Lincoln Continental Production Figures
|  | Coupe | Sedan | Yearly Total |
|---|---|---|---|
| 1970 | 9,073 | 28,622 | 37,695 |
| 1971 | 8,205 | 27,346 | 35,551 |
| 1972 | 10,408 | 35,561 | 45,969 |
| 1973 | 13,348 | 45,288 | 58,636 |
| 1974 | 7,318 | 29,351 | 36,669 |
| 1975 | 21,185 | 33,513 | 54,698 |
| 1976 | N/A | N/A | 68,646 |
| 1977 | 27,440 | 68,160 | 95,600 |
| 1978 | N/A | N/A | 88,087 |
| 1979 | 16,142 | 76,458 | 92,600 |

==Sixth generation (1980)==

With the impending adoption of federal fuel-economy standards (CAFE) making the large cars of the 1970s a potential financial threat to Ford Motor Company, for 1979, Ford and Mercury full-size sedans underwent extensive downsizing; Lincoln became the final American brand to move to a downsized model range for the 1980 model year. In another extensive model change, the Lincoln Continental became the counterpart of the newly introduced Continental Mark VI, the first Mark series model range smaller than its predecessor.

While lagging behind Cadillac for three years to downsize its model range, the redesign of the Continental provided Lincoln with the best year-to-year fuel economy improvement (38%) in Ford history. Alongside a massive reduction of curb weight, the introduction of a 4-speed overdrive transmission enabled Lincoln to surpass its competitors, switching from the brand with the worst 1979 CAFE rating to the most fuel-efficient full-size car sold.

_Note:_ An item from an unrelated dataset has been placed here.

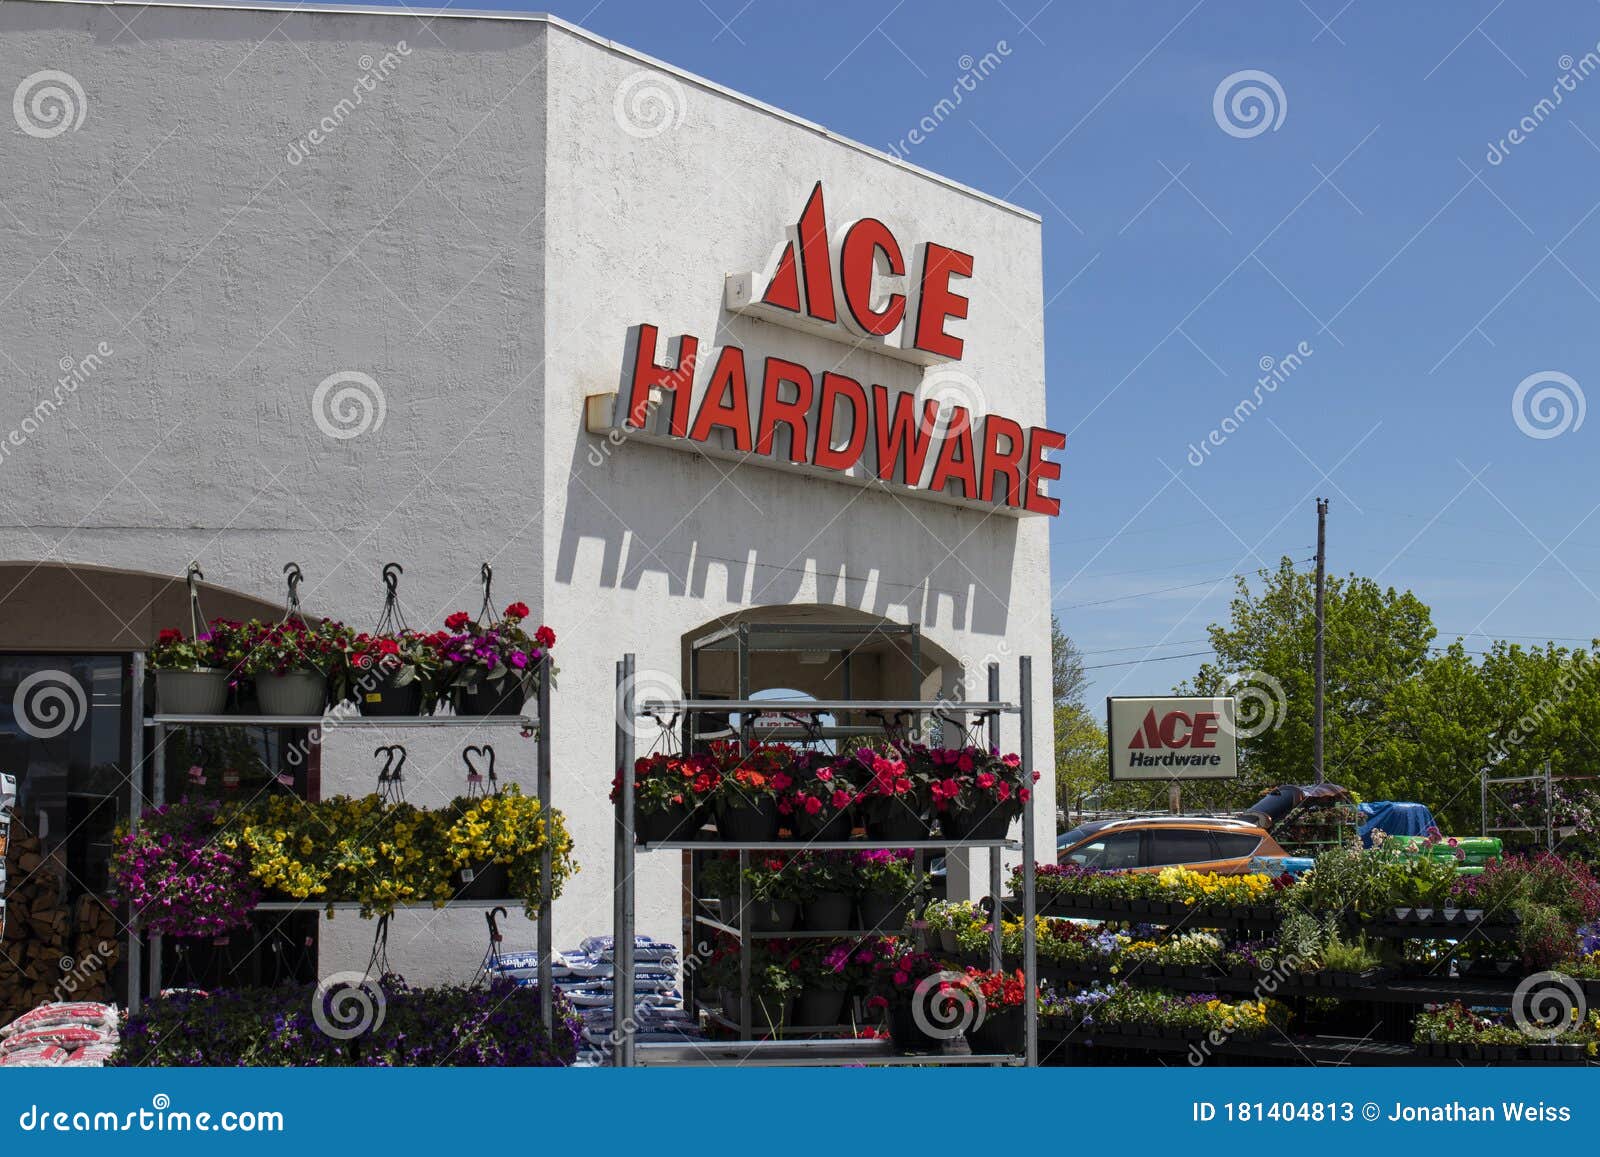 Ace Hardware Retail Cooperative. The Majority Of Ace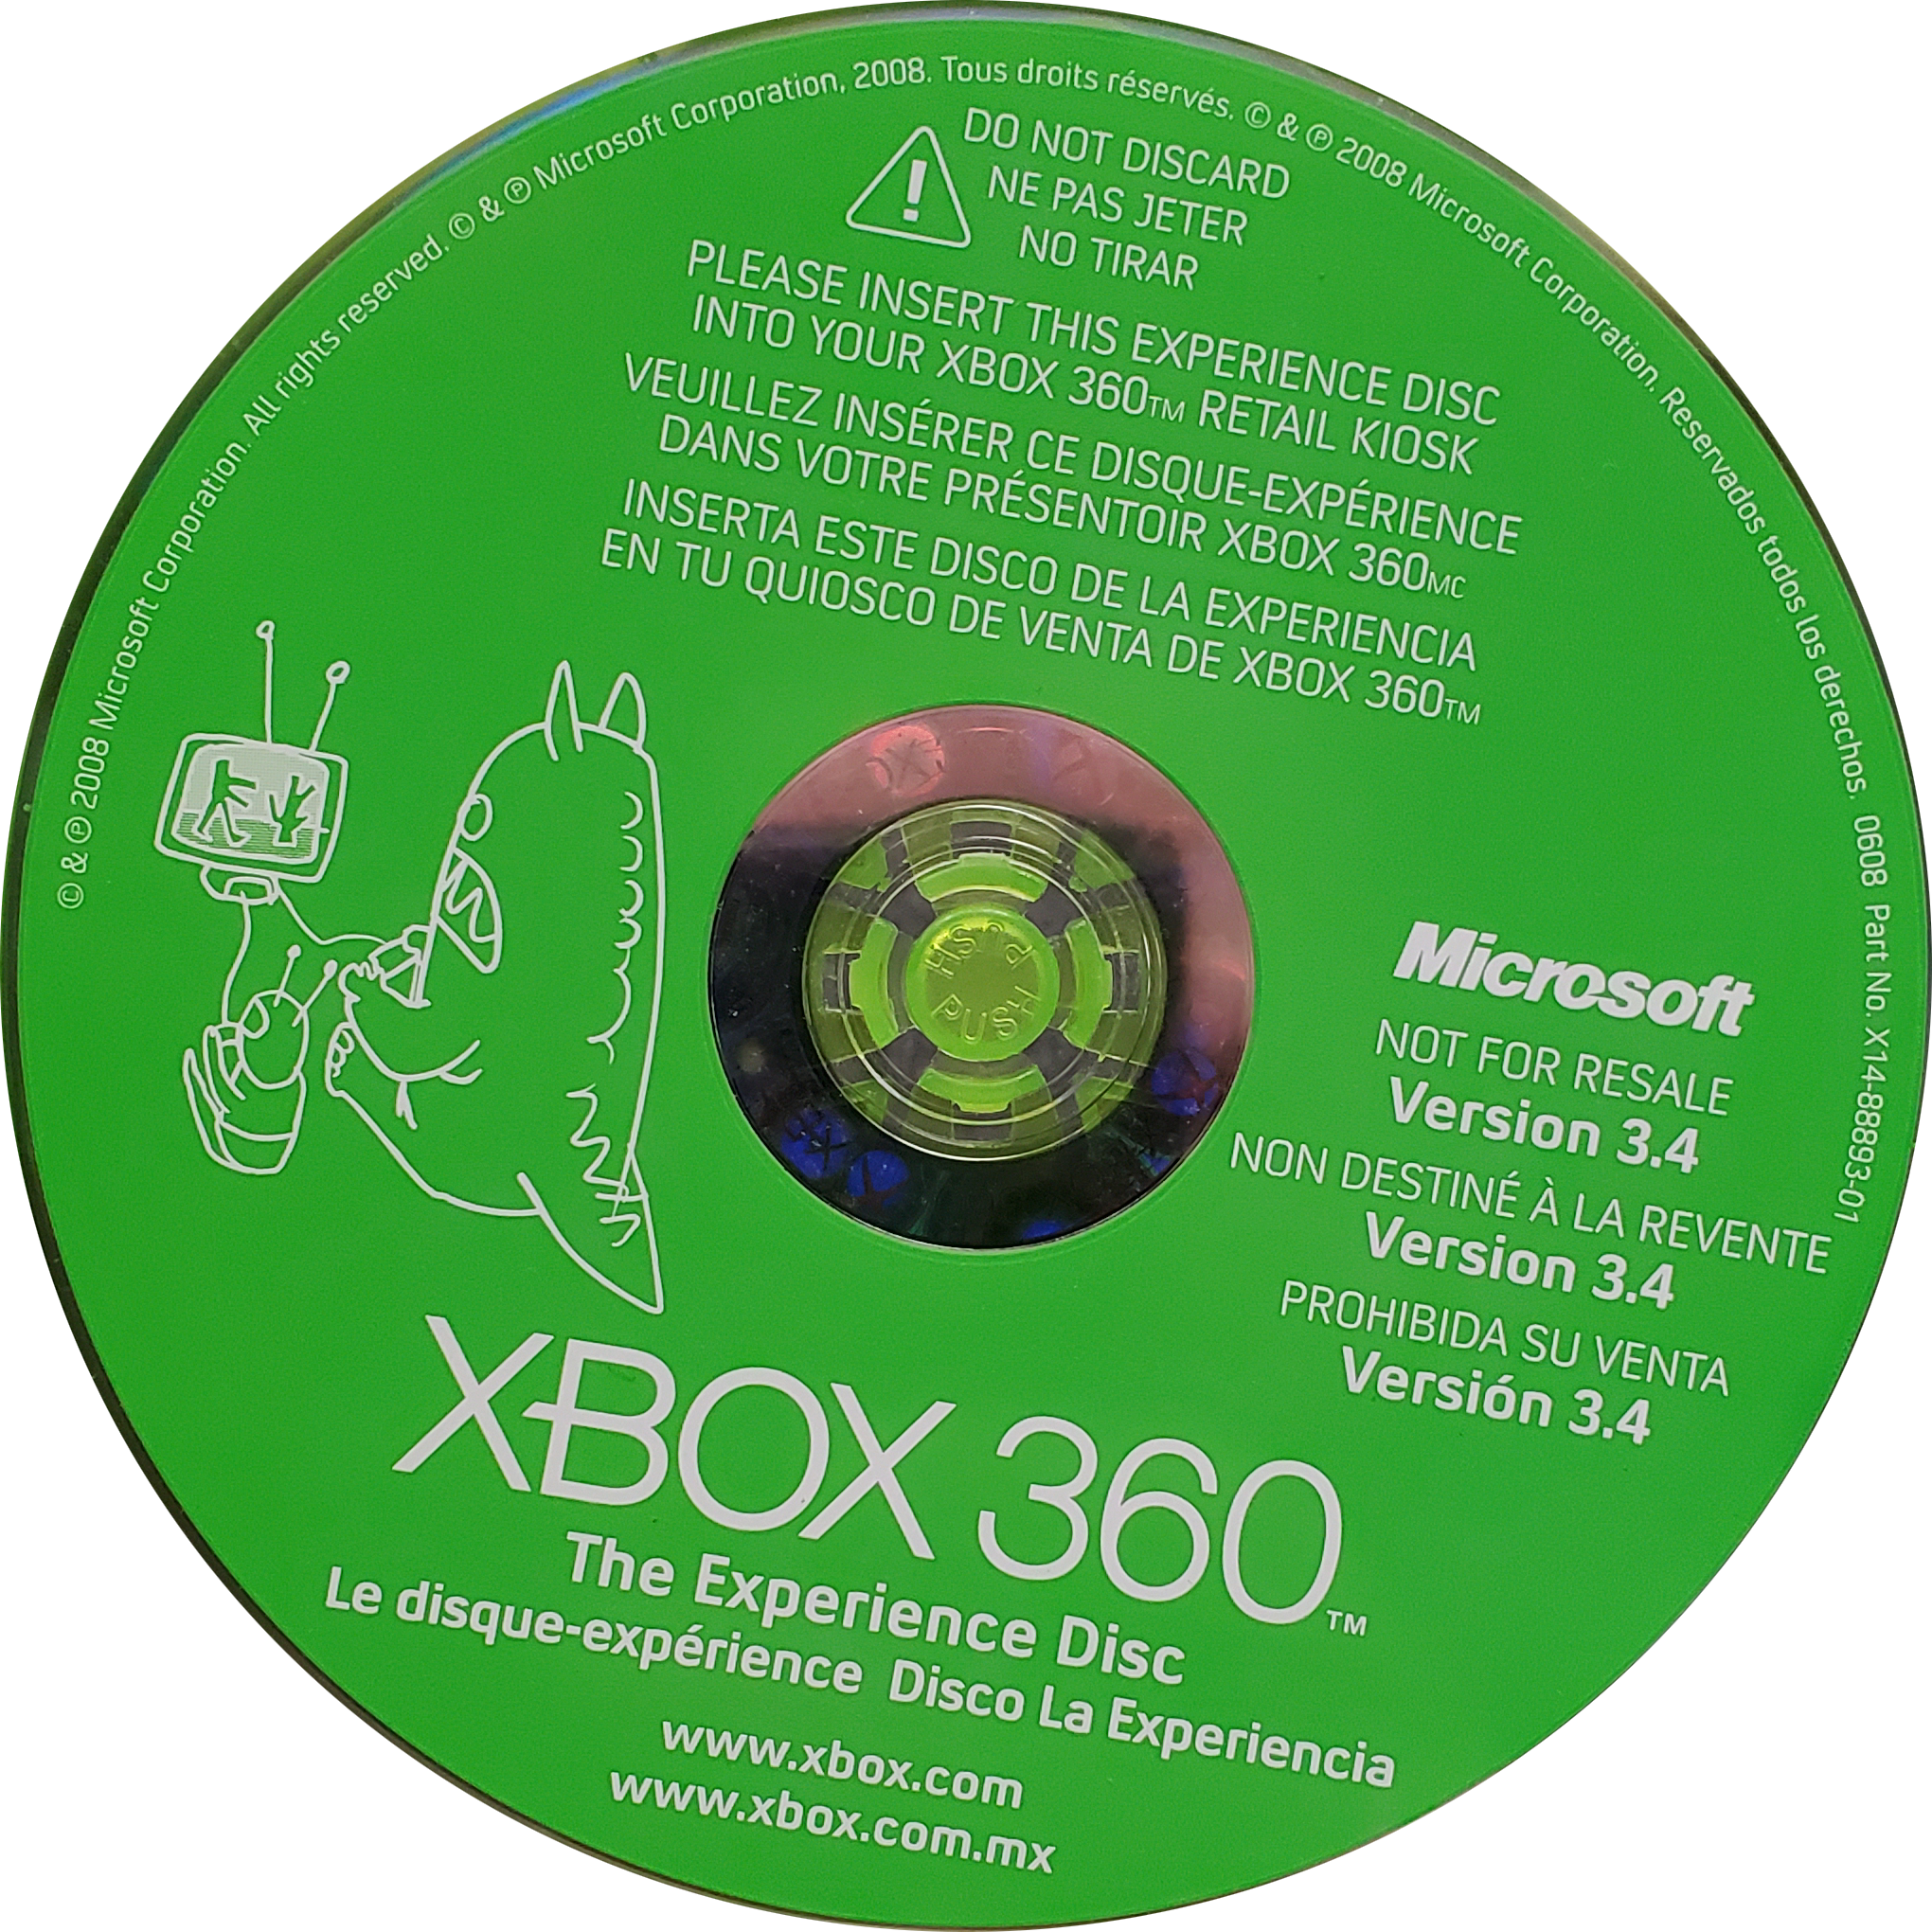 XBOX 360 - Xbox 360 The Experience Disc Version 3.4

One of the most technologically advanced vehicles ever sold by Ford at the time, the 1980 Continental introduced a standard 4-speed automatic overdrive transmission, electronic fuel injection with computer-controlled engine management (EEC-III), digital instrument panel, and trip computer (measuring real-time and average fuel economy figures and driving range). Throughout the decade, many of the features would make their way into many other Ford and Lincoln-Mercury vehicles.

The sixth generation of the Lincoln Continental would be offered only for 1980. To eliminate saturation of the Lincoln model line, the sixth-generation Continental was re-released as the Lincoln Town Car for 1981 (effectively lasting through the 1989 model year). Following the 1980 withdrawal of the Versailles and the introduction of the Town Car, the Continental nameplate was shifted to the mid-size segment for the 1982 model year (skipping the 1981 model year). While never officially announced as the replacement for the Versailles, the 1982 Continental became the Lincoln competitor for the Cadillac Seville. The Mark VI ended its model run after the 1983 model year and was replaced by the Mark VII, a far different vehicle.

===Chassis===
Central to the redesign was the adoption of the all-new Ford Panther platform, shared with the Ford LTD and Mercury Marquis. While retaining the body-on-frame layout of its predecessor and using a rear-wheel drive powertrain, the Panther platform made major engineering changes to lower curb weight. In addition, the chassis itself was smaller in several key dimensions. While only approximately 2 inches narrower, the 1980 Continental shed 10 inches of its wheelbase and 14 inches in length. In losing nearly 1000 pounds of curb weight, the 1980 Continental came within 200 pounds of the curb weight of the "compact" Lincoln Versailles.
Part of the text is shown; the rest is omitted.